# ParaRef: a decontaminated reference database for parasite detection in ancient and modern metagenomic datasets

**Authors:** Jonas Niemann, Yuejiao Huang, Liam T. Lanigan, Arve L. Willingham Grijalba, Robert R. Dunn, Martin Sikora, Hannes Schroeder

PMC · DOI: 10.1186/s13059-025-03818-w · Genome Biology · 2025-10-23

## TL;DR

This paper introduces ParaRef, a cleaned reference database that improves the accuracy of detecting parasites in metagenomic data by reducing contamination.

## Contribution

The novel contribution is the creation of a decontaminated reference database for parasite detection in metagenomic datasets.

## Key findings

- Decontamination of parasite genomes significantly reduces false detection rates.
- ParaRef improves overall detection accuracy for parasite species in metagenomic data.

## Abstract

Shotgun metagenomics holds great potential for identifying parasite DNA in biological samples, but its effectiveness is limited by widespread contamination in publicly available reference genomes, which hinders accurate detection. In this study, we systematically quantify and remove contamination from 831 published endoparasite genomes to create ParaRef, a curated reference database for species-level parasite detection. We show that decontamination significantly reduces false detection rates and improves overall detection accuracy. Our study highlights the pervasive issue of contamination in public databases and offers a resource that will enhance the reliability of parasite detection using metagenomics.

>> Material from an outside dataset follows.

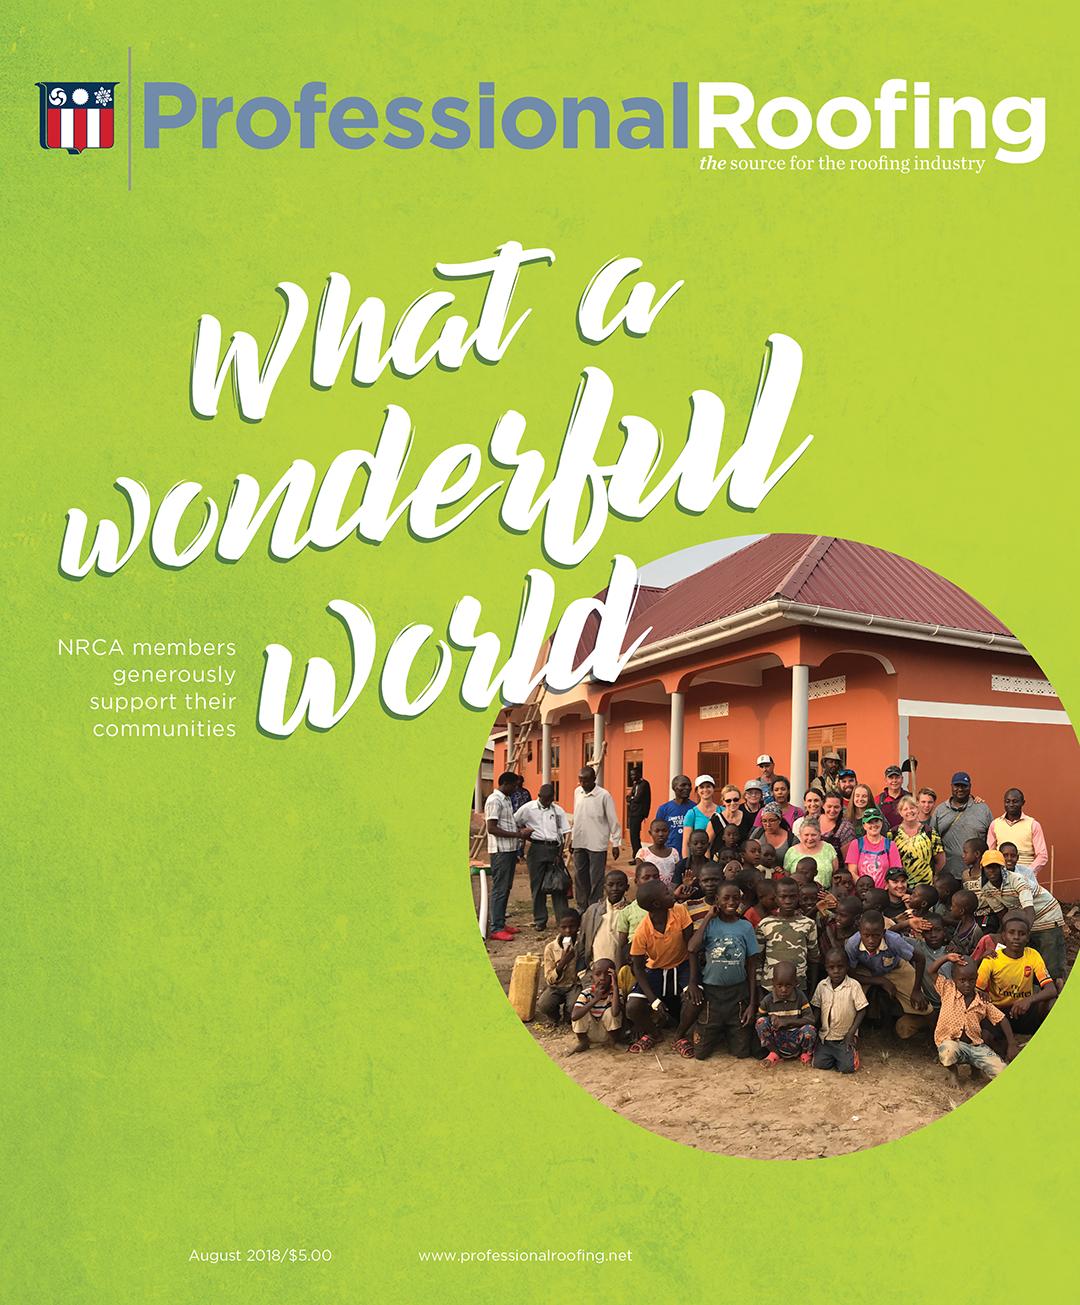 Professional Roofing Magazine 8/1/2018

The online version contains supplementary material available at 10.1186/s13059-025-03818-w.

## Full-text entities

- **Genes:** cytochrome c oxidase subunit I [NCBI Gene 12354277]
- **Diseases:** schistosomiasis (MESH:D012552), Enterobius vermicularis (MESH:D017229), Ancylostoma ceylanicum (MESH:C538433), Schistosoma mansoni infection (MESH:D012555), gastrointestinal parasites (MESH:D005767), infection (MESH:D007239), hookworm (MESH:D006725), death (MESH:D003643), malaria (MESH:D008288), parasite infections (MESH:D010272)
- **Chemicals:** water (MESH:D014867), cytosine (MESH:D003596), GX (MESH:C001306), FCS (-)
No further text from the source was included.